Рейнольдс снова открыл глаза: на этот раз пришлось приложить чуть меньше усилий.

– Вот так, вот так! – Голос Янчи теперь было слышно отчетливее. – Я только что чувствовал себя точно так же, но если расслабиться, поддаться действию препаратов, то уже будет не спастись. Просто держись, парень, просто держись. Я уже чувствую: проходит.
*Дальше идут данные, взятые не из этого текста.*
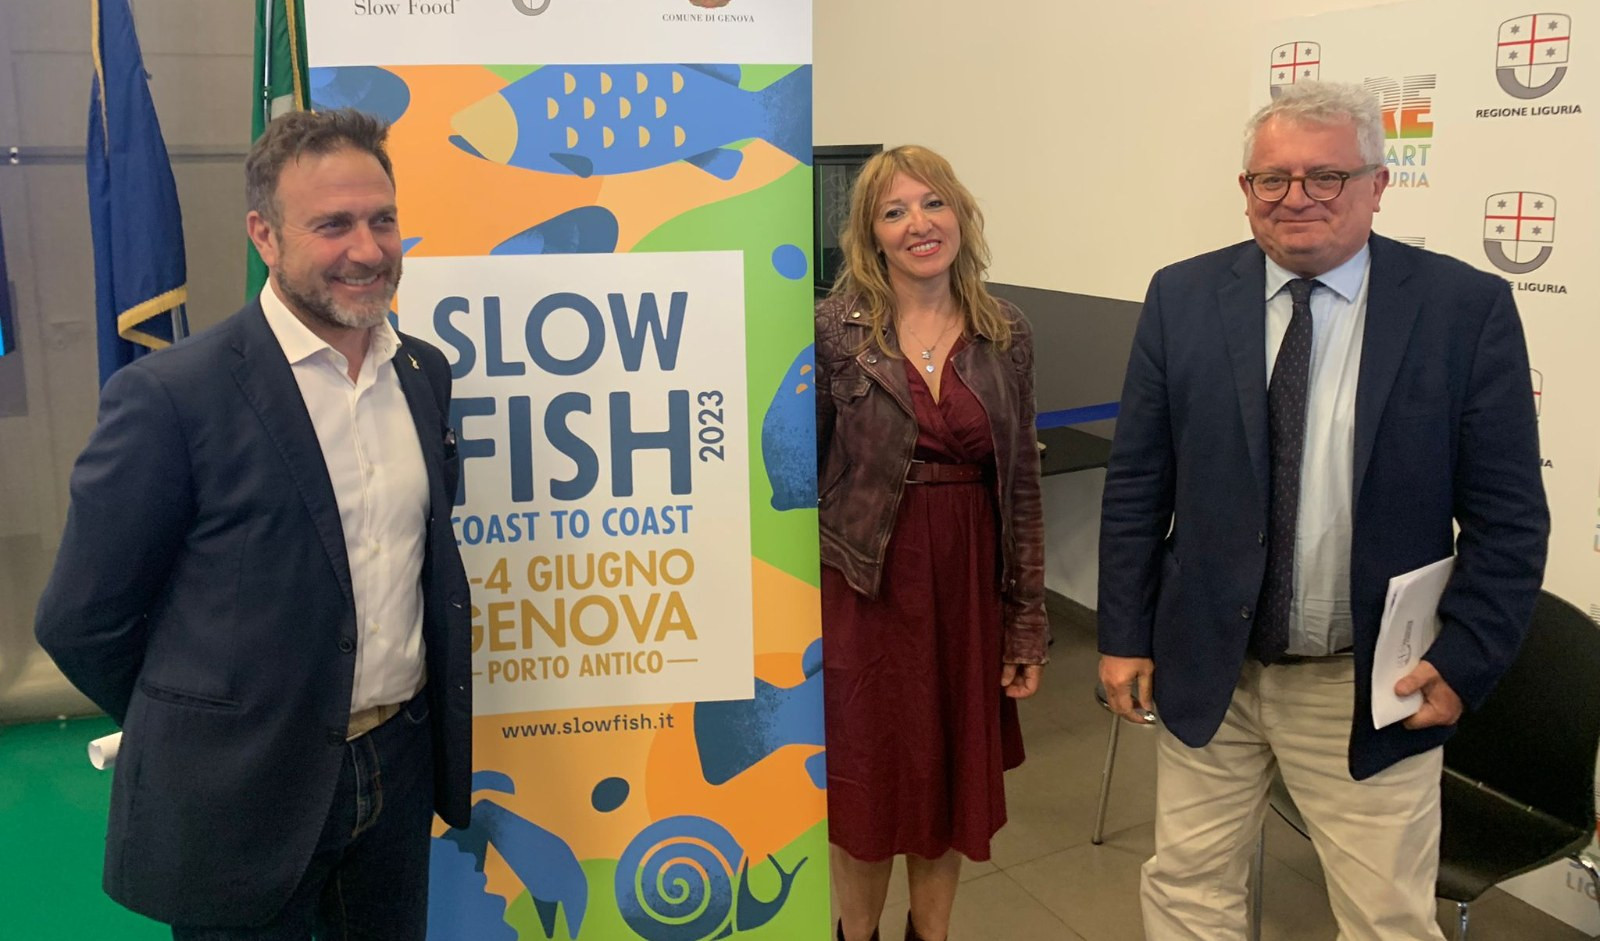 Tutte le parole di Slow Fish 2023: al Porto Antico di Genova dall'1 al 4 giugno

Рейнольдс тоже почувствовал, как ослабевает хватка химикатов. Безумное желание вырваться из пут, дергаться каждой мышцей пока не исчезло, но в голове прояснялось, и боль позади глаз начала утихать. Янчи все время разговаривал с ним, подбадривал его, отвлекал, и постепенно его конечности и все тело стали успокаиваться, в нестерпимой тропической жаре подвала ему стало холодно, и неконтролируемая дрожь приступами сотрясала его с головы до ног. Затем дрожь постепенно унялась, и он начал потеть и изнемогать от возрастающей с каждым мгновением влажности и жары, идущей от паровых труб. Он уже снова был на грани обморока – на этот раз в ясном уме и здравом рассудке, – когда дверь распахнулась и по воде зашлепали надзиратели в резиновых сапогах. В считаные секунды надзиратели отвязали их и вытолкали через открытую дверь на чистый ледяной воздух, и Рейнольдс впервые в жизни понял, каким бывает вкус воды для человека, умиравшего от жажды в пустыне.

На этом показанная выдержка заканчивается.